» **TASK TO CARRY OUT**: Would you return the listing exactly as written, apart from its pictures?

» **AVAILABLE DATA**:
=== Begin Enclosure ===

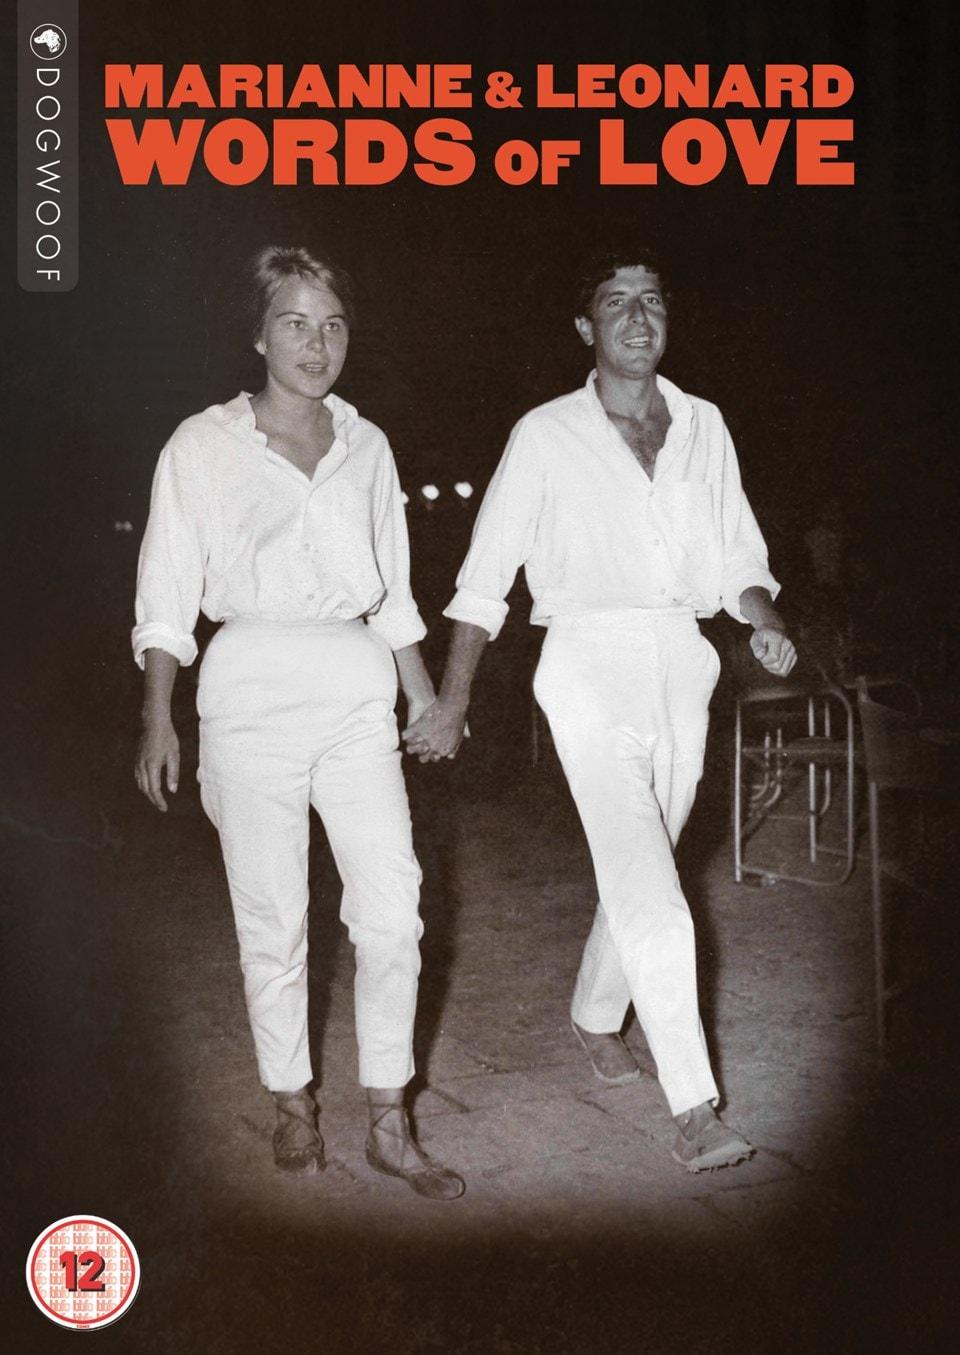 Marianne & Leonard - Words of Love - 1
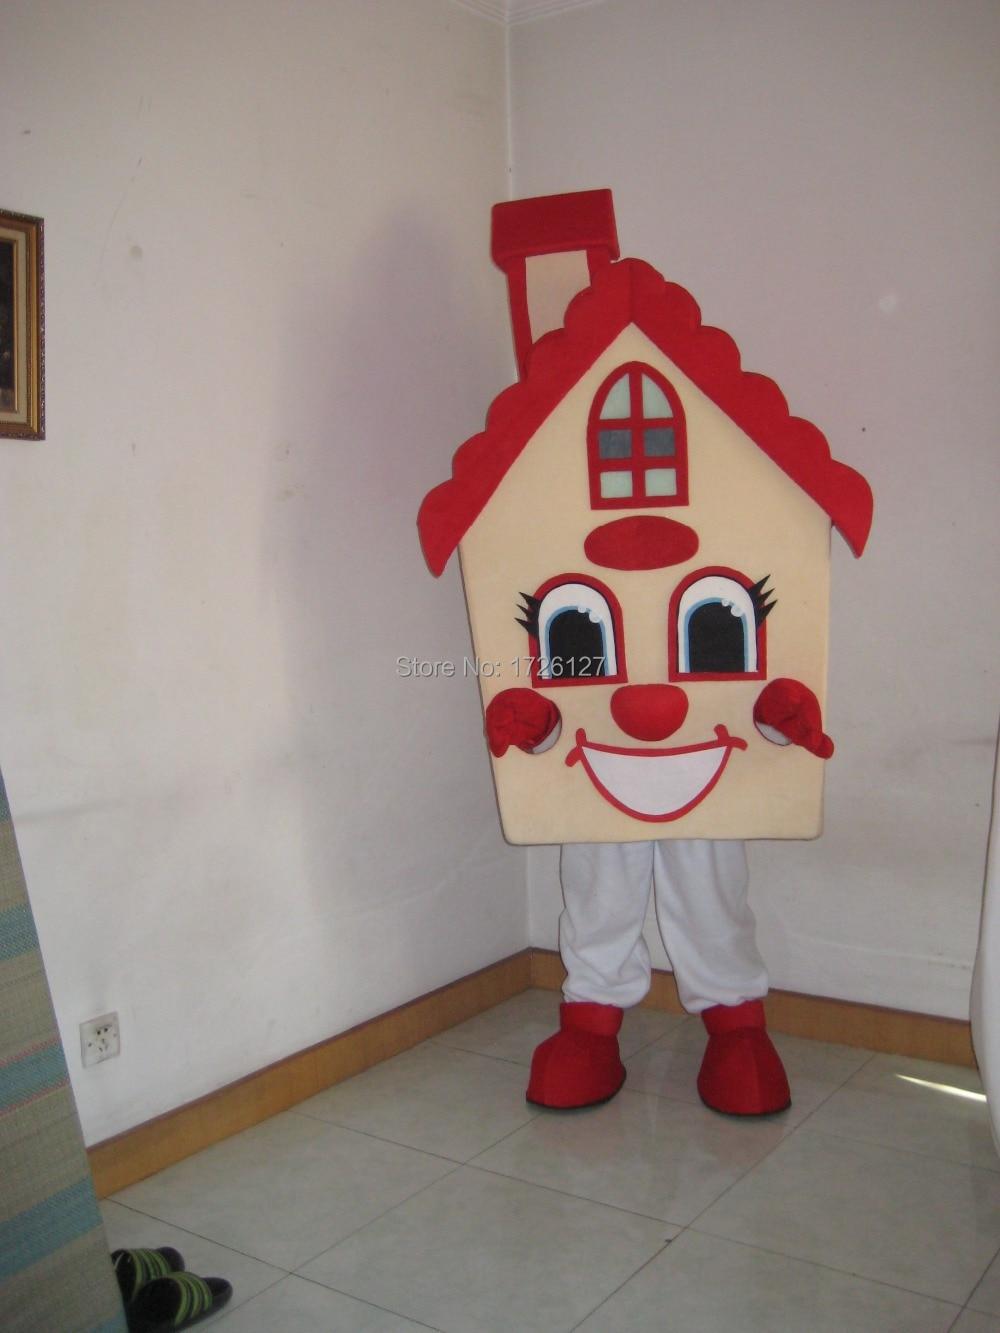 mascot-fontbmaxwell-b-font-fontbhouse-b-font-mascot-costume-custom-anime-cosplay-kits-mascotte-theme
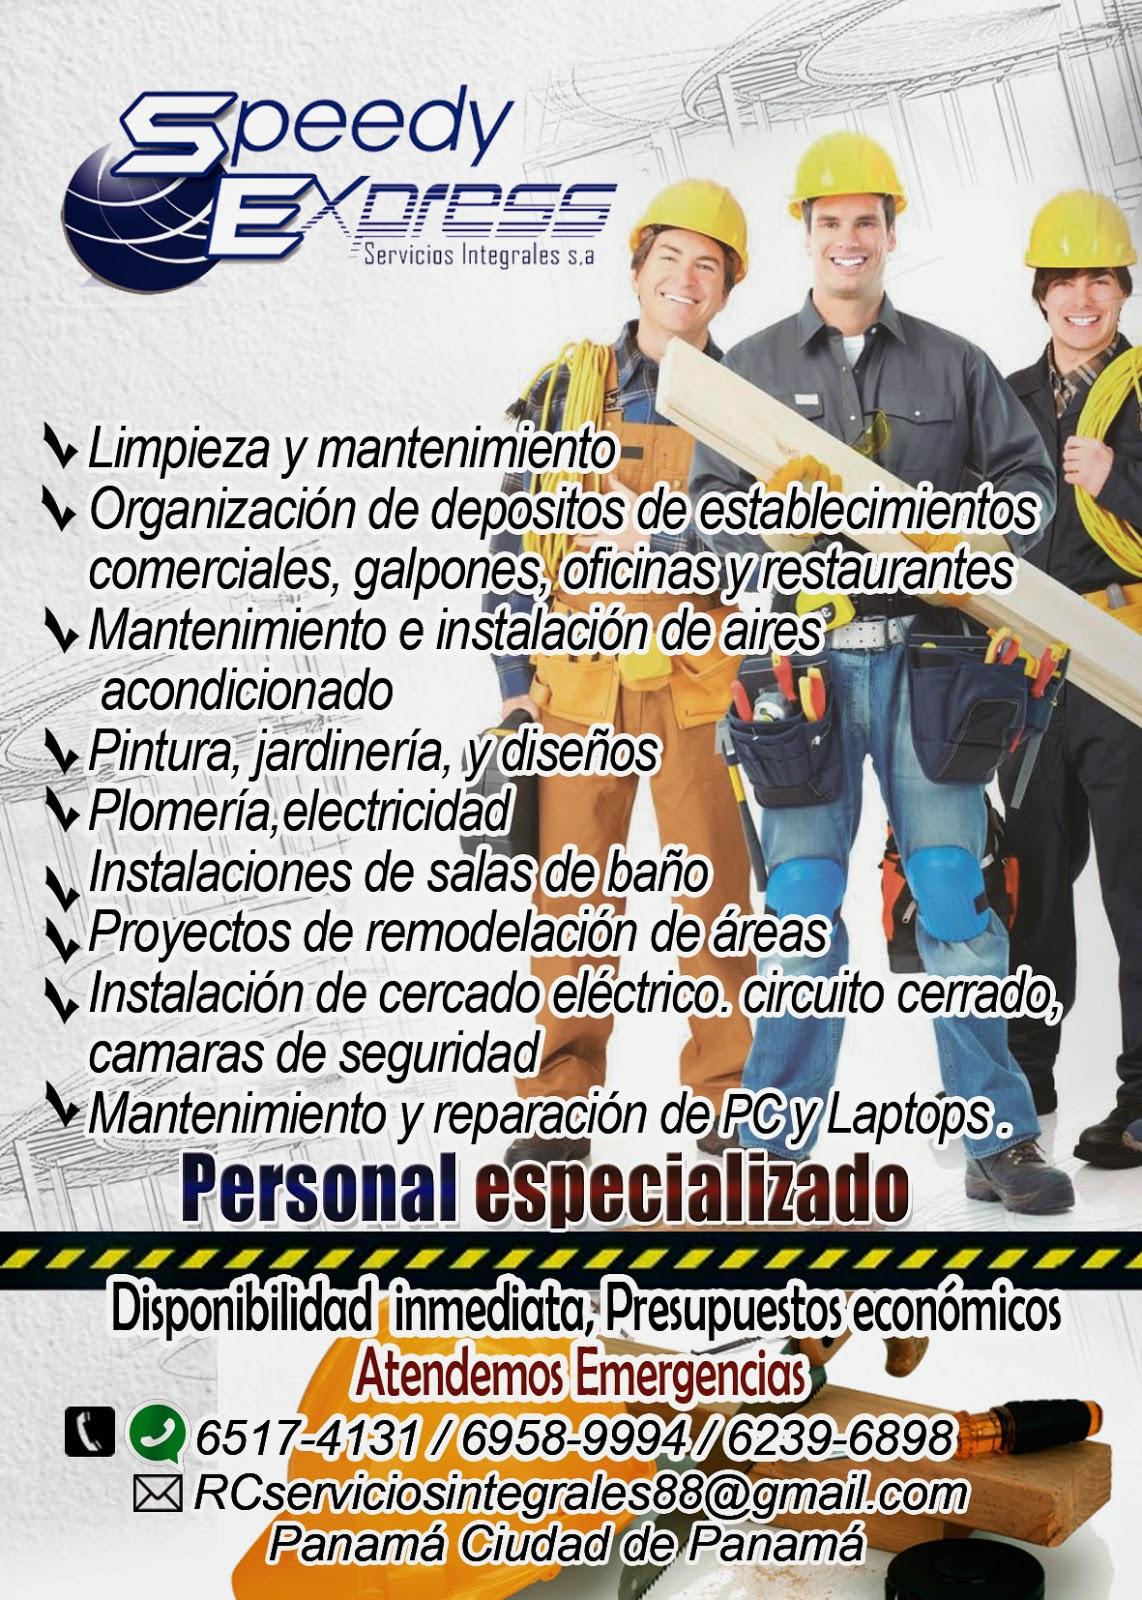 Speedy express s a servicios integrales servicios for Servicios de construccion
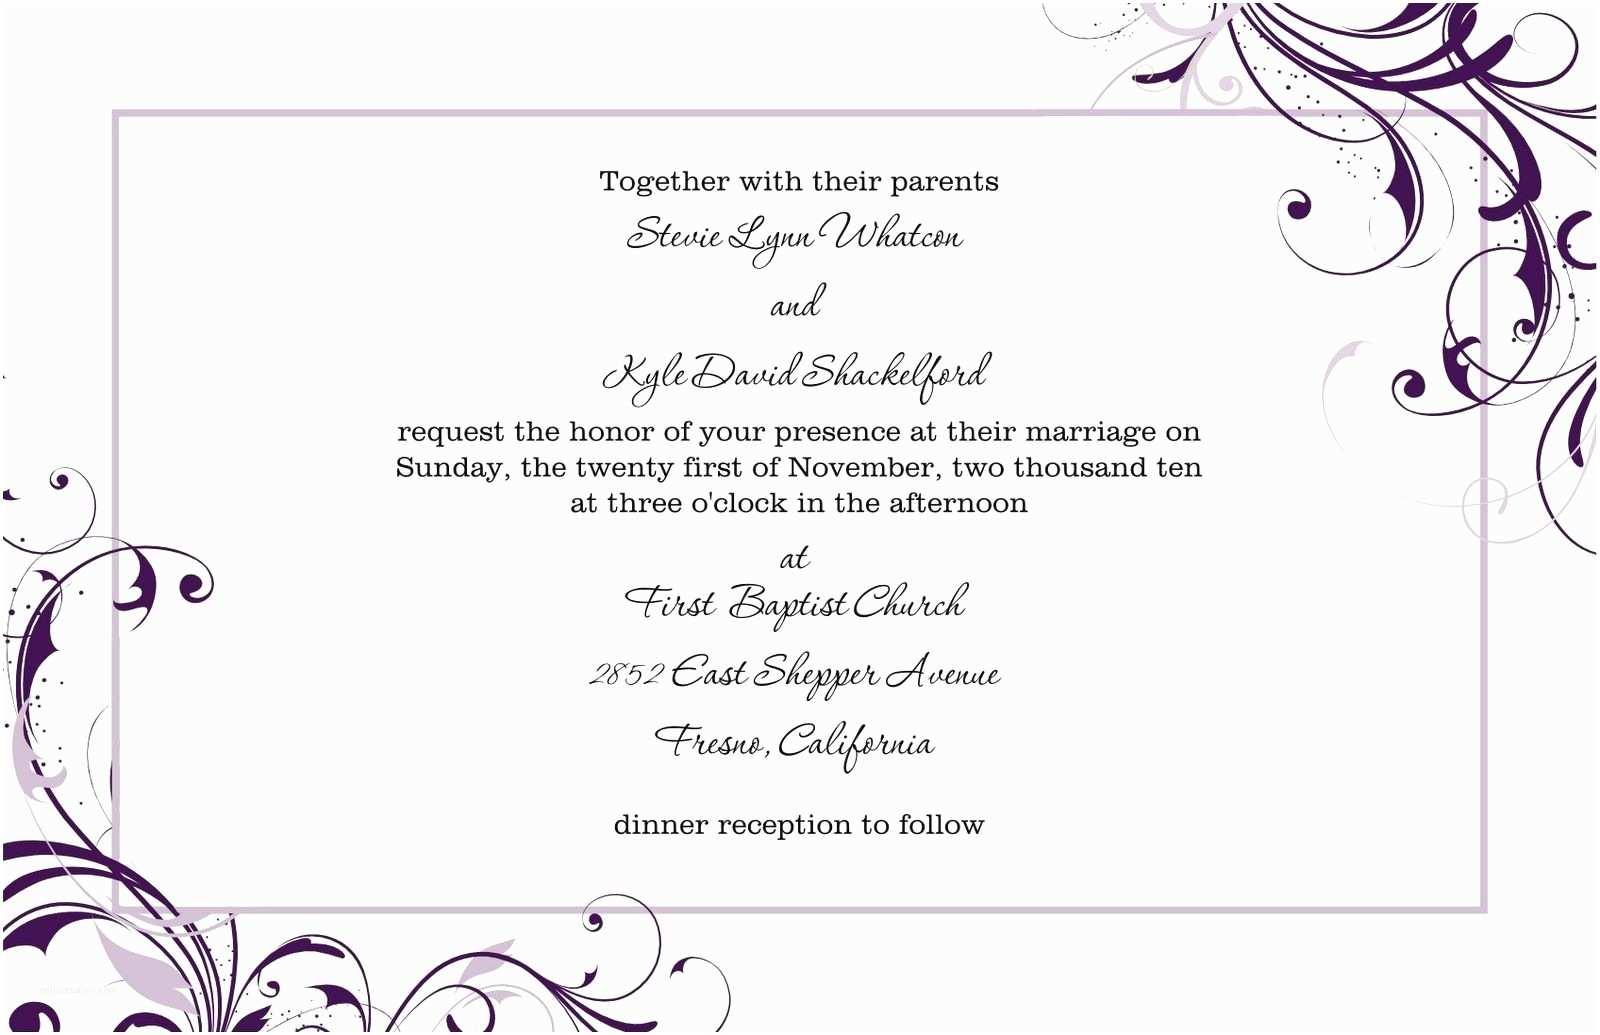 Wedding Invitation Content Free Wedding Invitation Templates For

=== End Enclosure ===

» **OUTPUT FOR THIS EXERCISE**:
 Marianne & Leonard - Words of Love - 1
 mascot-fontbmaxwell-b-font-fontbhouse-b-font-mascot-costume-custom-anime-cosplay-kits-mascotte-theme
 Speedy express s a servicios integrales servicios for Servicios de construccion
 Wedding Invitation Content Free Wedding Invitation Templates For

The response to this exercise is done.